Further datapoint -- on a RHEL5.3 system running rc8, insmod just fails to load a module with an unknown symbol -- so, no crash. However, Fedora's module-init-tools is probably more tolerant?
> Further datapoint -- on a RHEL5.3 system running rc8, insmod just fails to load > a module with an unknown symbol -- so, no crash. However, Fedora's > module-init-tools is probably more tolerant? I see no reason to think that this is a userspace issue.

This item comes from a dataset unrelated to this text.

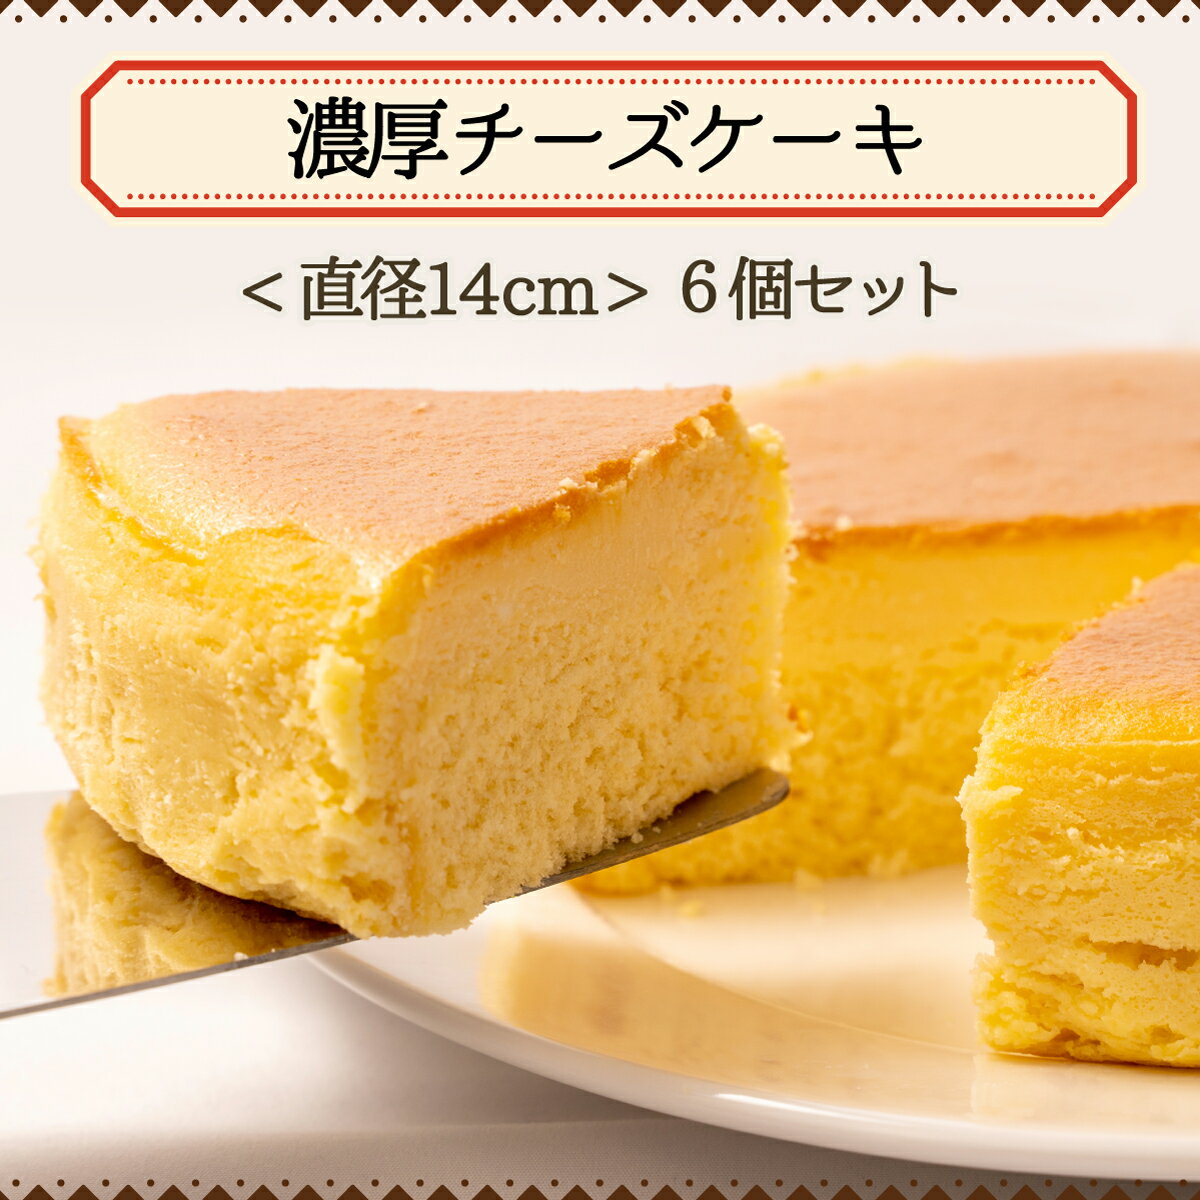 【ふるさと納税】 スイーツ 訳あり 濃厚チーズケーキ 6個セット 洋菓子 工場直売 大容量
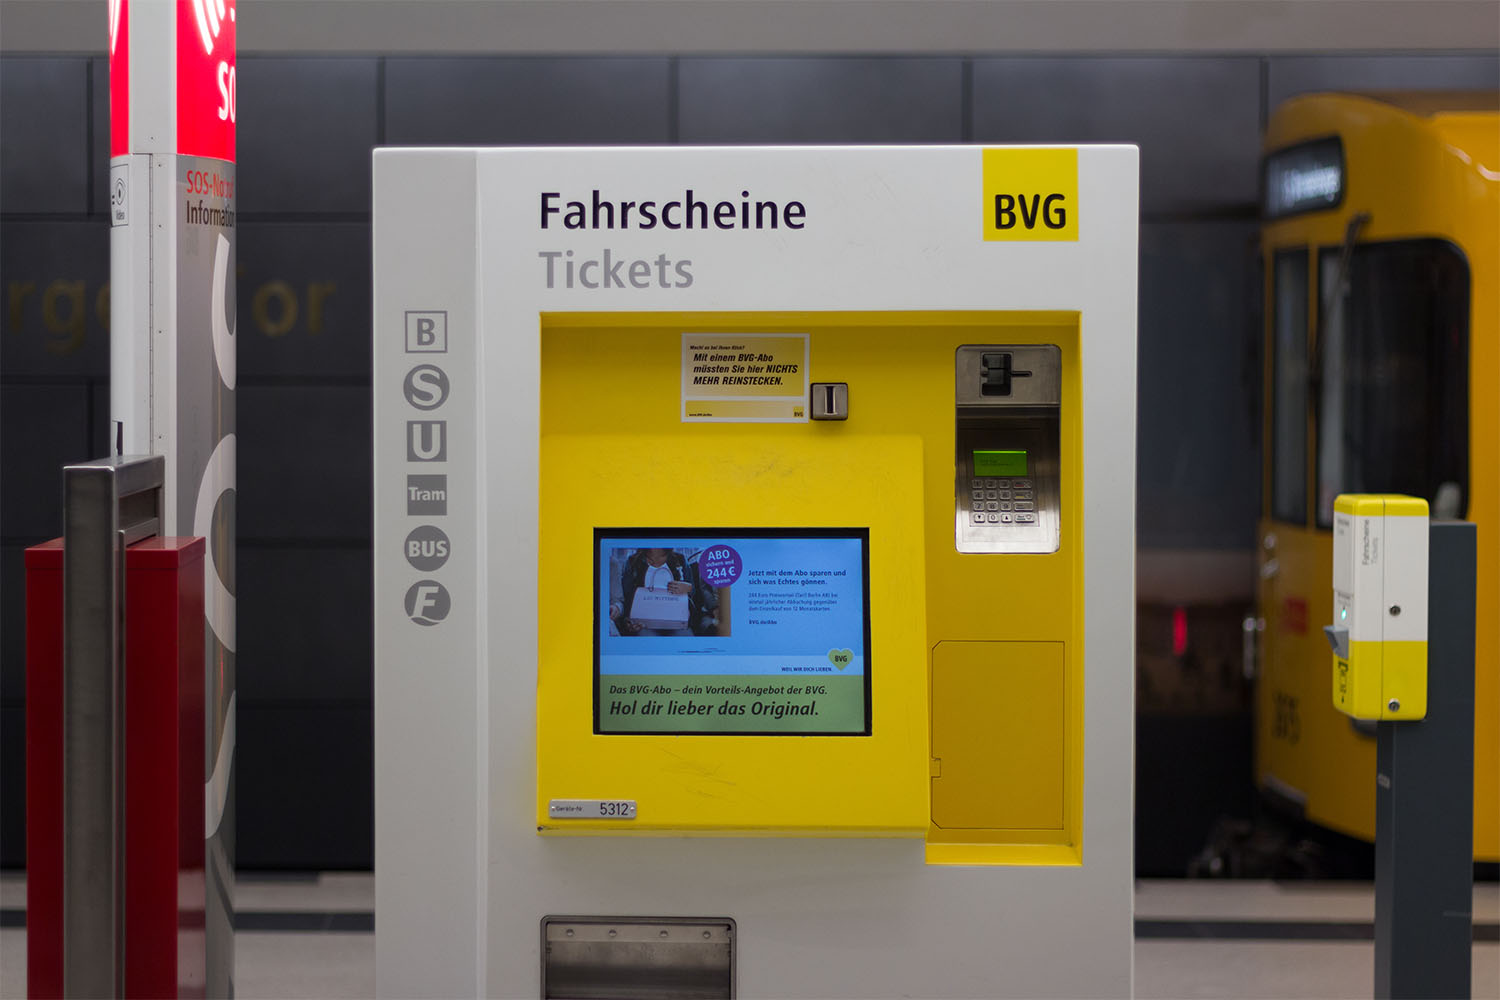 מכונה למכירת כרטיסים בתחנת המטרו בברלין (צילום אילוסטרציה: שאטרסטוק)

Subject: Re: 2.6.29-rc7 - kernel crash with sharedbuf.exp stap test script > I see no reason to think that this is a userspace issue. Sure, I don't suggest that could be the main issue however. We need someone with good knowledge of the module loading subsystem as well as the per_cpu allocators to take a closer look at the issue on hand.
From my investigation, this problem is just a kernel bug. mod pointer moved on mod->module_core after copying all sections. So, after freeing module_core, you must not access mod->(members), because it has been freed. I'll report and post a fix patch to LKML. Thanks,
The fix hit Linus' tree (commit 6e2b757).